Sategna had 36 receptions for 700 yards for an average of 19 yards per catch while scoring 6 touchdowns for the Bulldogs. He was a first-team all conference selection.
He took part in last year’s spring practice while also competing in track and field.
“He’s just a great overall football player,” Fayetteville coach Casey Dick said. “He kind of came into our system late with the change. Probably about the last half of the season he started getting really comfortable with what he was doing. Everybody knows he can run. He’s probably one of the most explosive kids I’ve been around. He tracks the ball really, really well in the air. He's capable of making big plays. We’ve seen him get rocked a couple of times and he gets right back up and wants to go back into the game. You know he’s tough.”
Dick, a former quarterback at Arkansas from 2005-08, said Sategna is looking to play football and participate in track and field on the next level.
“I believe as of right now, he’s going to do both,” Dick said.

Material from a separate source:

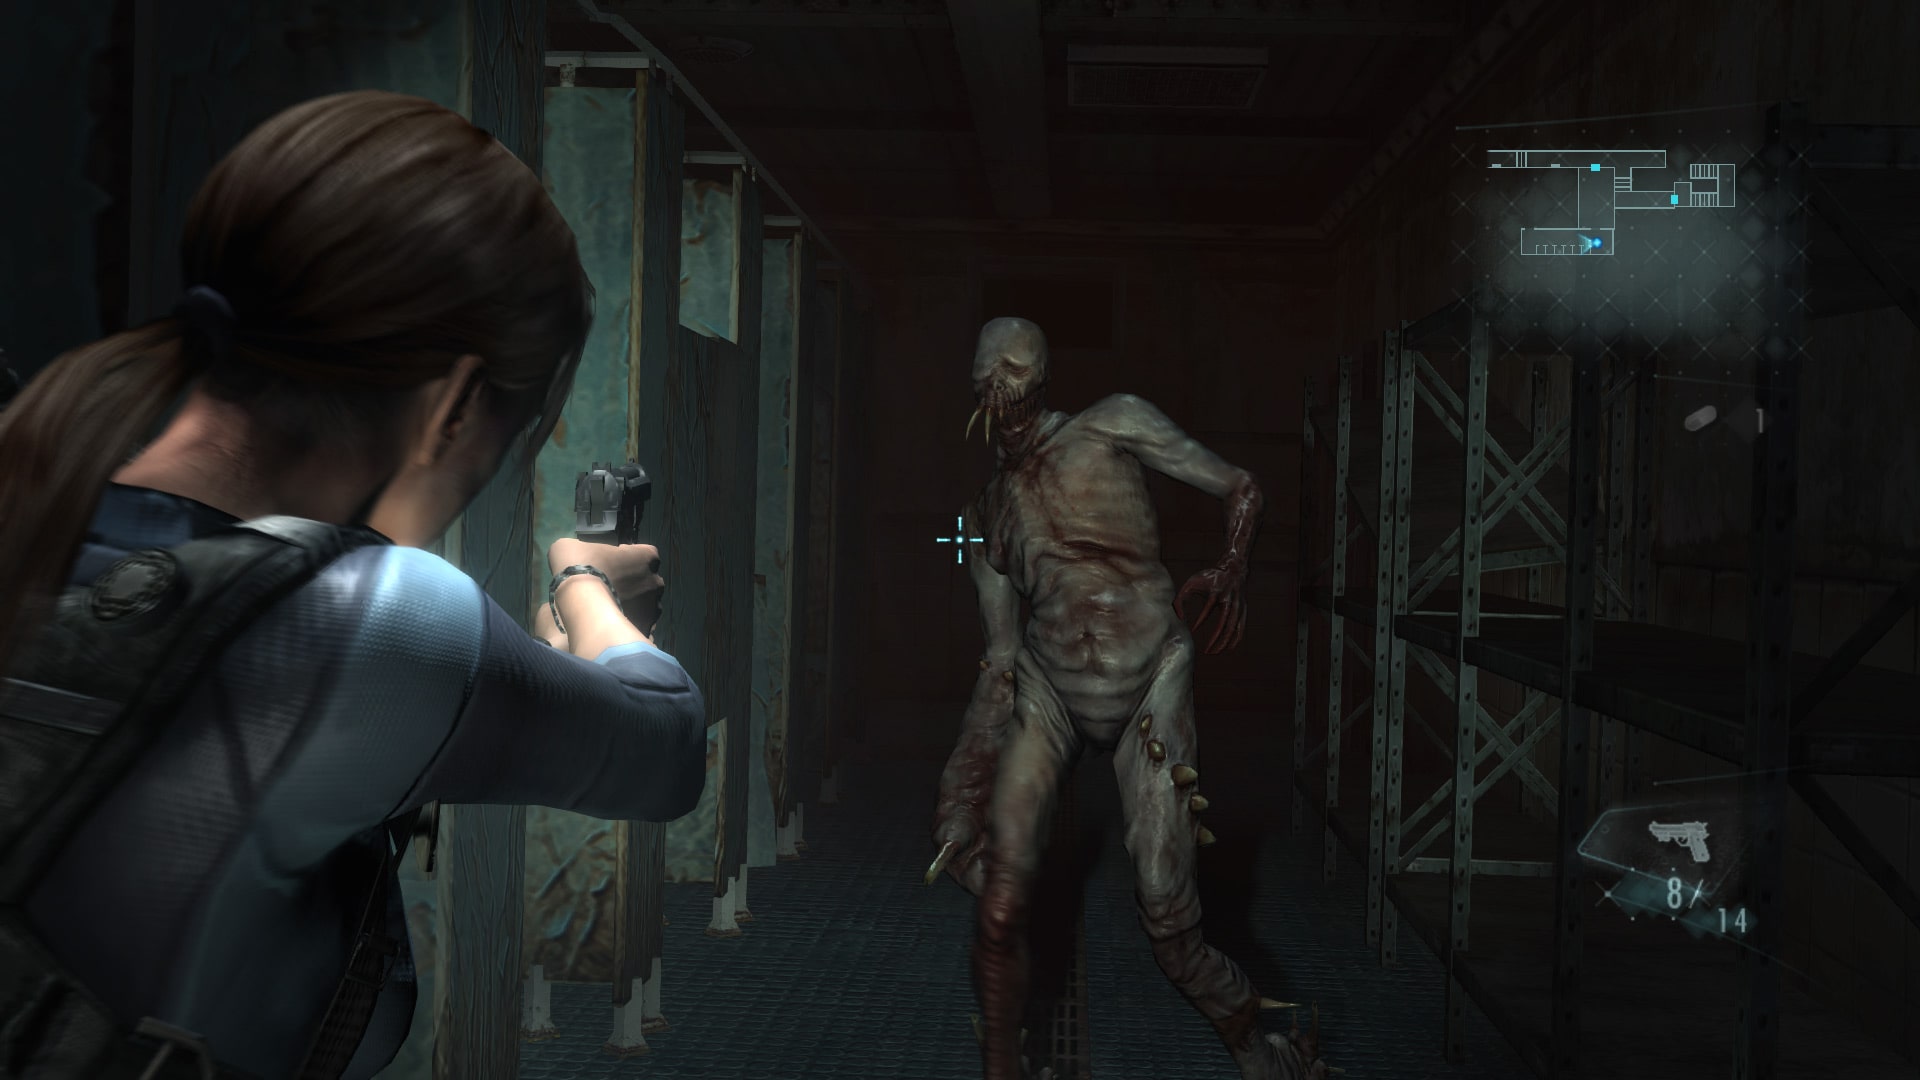 Jogo Resident Evil Revelations 2 PS4 Capcom em Promoção é no Bondfaro

Sategna's father was a three-time All-American at LSU, where he won the 1994 SEC title and the 1995 NCAA title in the decathlon. His mother, Dahlia, was a standout sprinter for LSU and competed for Jamaica in the 1992 Olympics in Spain.
The younger Sategna had 62 catches for 1,247 yards for Austin Westlake’s junior varsity squad as a freshman. Dick believes Sategna has all the tools to be special on the football field.
“He’s got it all,” Dick said. “I’m excited to see where he progresses in the next two years. It’s always a big jump for a guy inbetween their sophomore to junior year. He really didn’t even start scratching the surface of the elite capability that he has until about halfway in the season. Probably Week 6-9 is when he really started playing.”
Sategna is working out with the football team while also focusing on track and field.
“He’s been in the weight room lifting with us a couple of mornings per week making sure that strength is maintained,” Dick said. “He’s working hard at both things. He’s not able to get in there all the time, but as far as him getting in there and working he does a good job at it.”